In March 2008, not long after their relationship began, Jo told Charlton that she was pregnant with his child. “He wanted me to have an abortion,” she recounted when she testified during her first trial in December 2014. Jo, who had suffered a miscarriage 15 years earlier and been told that she would never be able to have a baby, says she refused. According to Jo, Charlton dumped her. Although the two reunited again a month later, they broke up a second time when Jo was seven months pregnant.

Charlton was not present for Vitz Da’s birth. He did not meet his daughter until he ran into Jo on campus three months later, a fact that both Charlton and Jo confirmed during her first trial. Soon afterwards, he began visiting mother and daughter at home.

“The baby’s father loved the baby, it seemed to me, and he seemed to be very remorseful about dumping me. So we decided to get together again,” Jo testified. But their relationship continued to be fraught with disputes, sometimes escalating to the point where Charlton would physically lash out. According to testimonies in December 2014 by both Jo and Charlton, Charlton once punched the wall near Jo. Another time, they both say, he hit the steering wheel of her car in anger before walking out, leaving his girlfriend and baby in the car. In a separate incident, according to Jo and Charlton, he grabbed her by the throat, lifted her off the ground, and slammed her against the wall. The police were called twice. Each time, they asked Charlton to remove himself from the immediate situation. No incident report was ever filed. By July 2009, the two had broken up a third time and were living separately.

Meanwhile, Jo’s green card application was slowly winding its way through the immigration process. A background check revealed the temporary restraining order she had taken out against her husband. Under the Violence Against Women Act (VAWA), immigration officials should have informed her about resources for domestic violence and sexual assault as well as routes available to non-citizens with abusive spouses. In fact, under the 2005 Marriage Brokers Regulation Act, upon her arrival under a fiancé visa, Jo should have been given a pamphlet notifying her that domestic violence and abuse are illegal and outlining available resources for survivors.
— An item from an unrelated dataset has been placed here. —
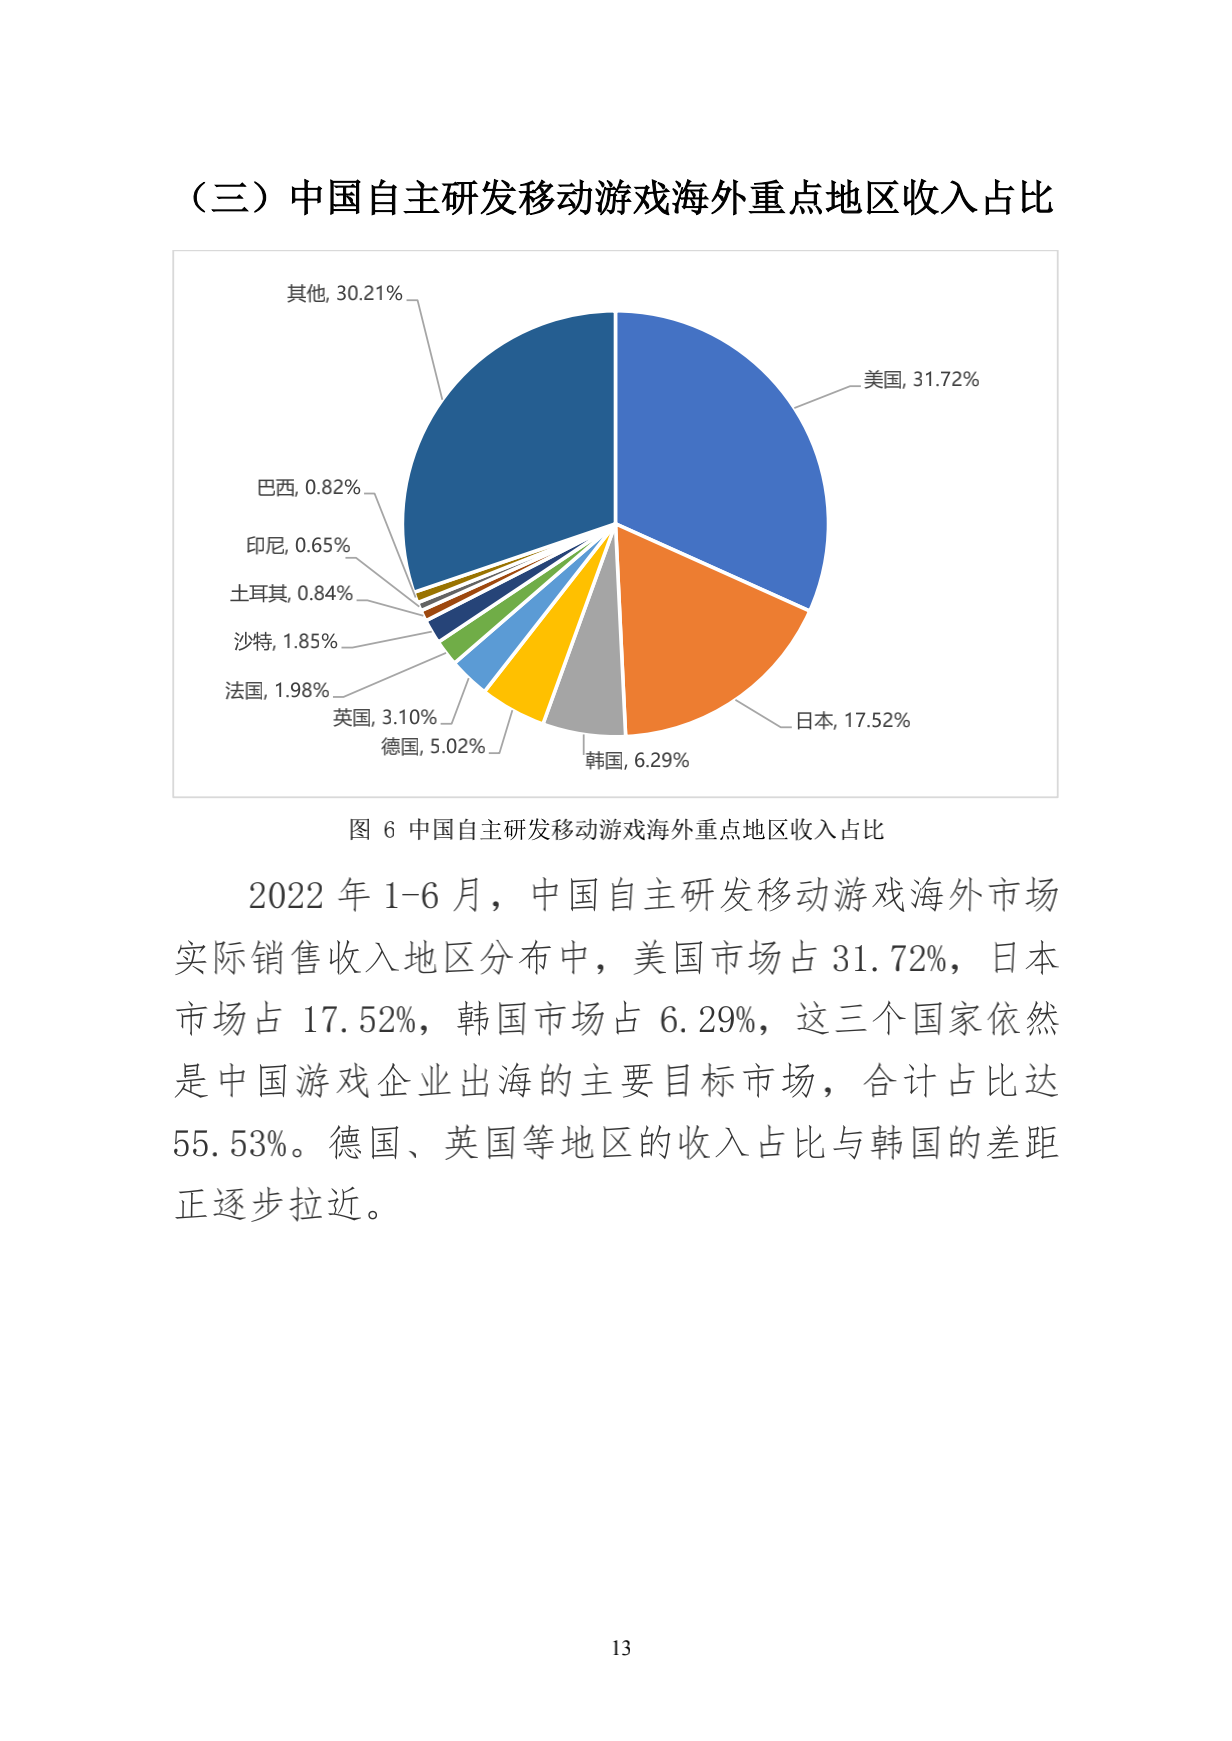 220714-2022年1-6月中国游戏产业报告_21

But Jo says she never received such a thing; thus, when she returned to the United States, she was given no information on what to do if her marriage became abusive.

Zachary Nightingale, who recently joined Jo’s immigration defense, explained in an interview with Rewire that after a background check, Jo should have been informed that, under VAWA, she qualified to self-petition for a green card rather than rely on her abusive spouse. And given that the abuse occurred in the United States at the hands of her spouse, ICE should have granted her a “prima facie” determination, which acknowledges that sufficient evidence may exist of the abuse. While the petition is being decided, the immigrant spouse is eligible for certain benefits, such as food stamps, medical insurance, and cash assistance. If ICE approved her petition, no deportation proceedings would have been initiated and Jo would have become a permanent resident.

But no one informed Jo of any of this, Jo’s lawyers say. Instead, her legal team says an ICE official placed a note in Jo’s file. It read, “In light of protective order, check to see if the marriage is still valid.” Immigration officials tracked down Jo’s estranged husband, who told them he no longer wished to sponsor her green card application. ICE denied her application.

In November 2009, Jo followed the letter’s orders and left the country. She took Vitz Da with her, in part because she was afraid of leaving the child with Charlton, on whom she’d had to call the police the week prior. After she returned to Korea, Charlton contacted the Yolo County Child Abduction Unit. He also emailed her nearly every day. In at least one, according to court documents, he threatened to send “a scary bounty hunter” after her.

In July 2014, Jo and Vitz Da, then age 6, returned to the United States, landing in Hawai’i. Jo was immediately arrested and charged with child abduction. She was also placed under an immigration hold, which required the jail to inform ICE before releasing Jo so that she could be taken from jail into immigrant detention. Charlton flew to Hawai’i to pick up Vitz. That fall, a family court judge granted him full custody rights. Given the charges against her, the judge ordered that Jo not be allowed visitation until her criminal kidnapping case had been concluded. “No one knew how long it would take for the criminal case to be sorted out,” explained John Myers, a professor at the University of the Pacific and Jo’s family court attorney, to Rewire. But Jo, not wanting her daughter to visit her in jail or see her mother in jail clothes, did not challenge the judge’s ruling.

In December 2014, Nan-Hui Jo went to trial on charges of child abduction. The jury was unable to reach a verdict, resulting in a hung jury. Jo remained in jail.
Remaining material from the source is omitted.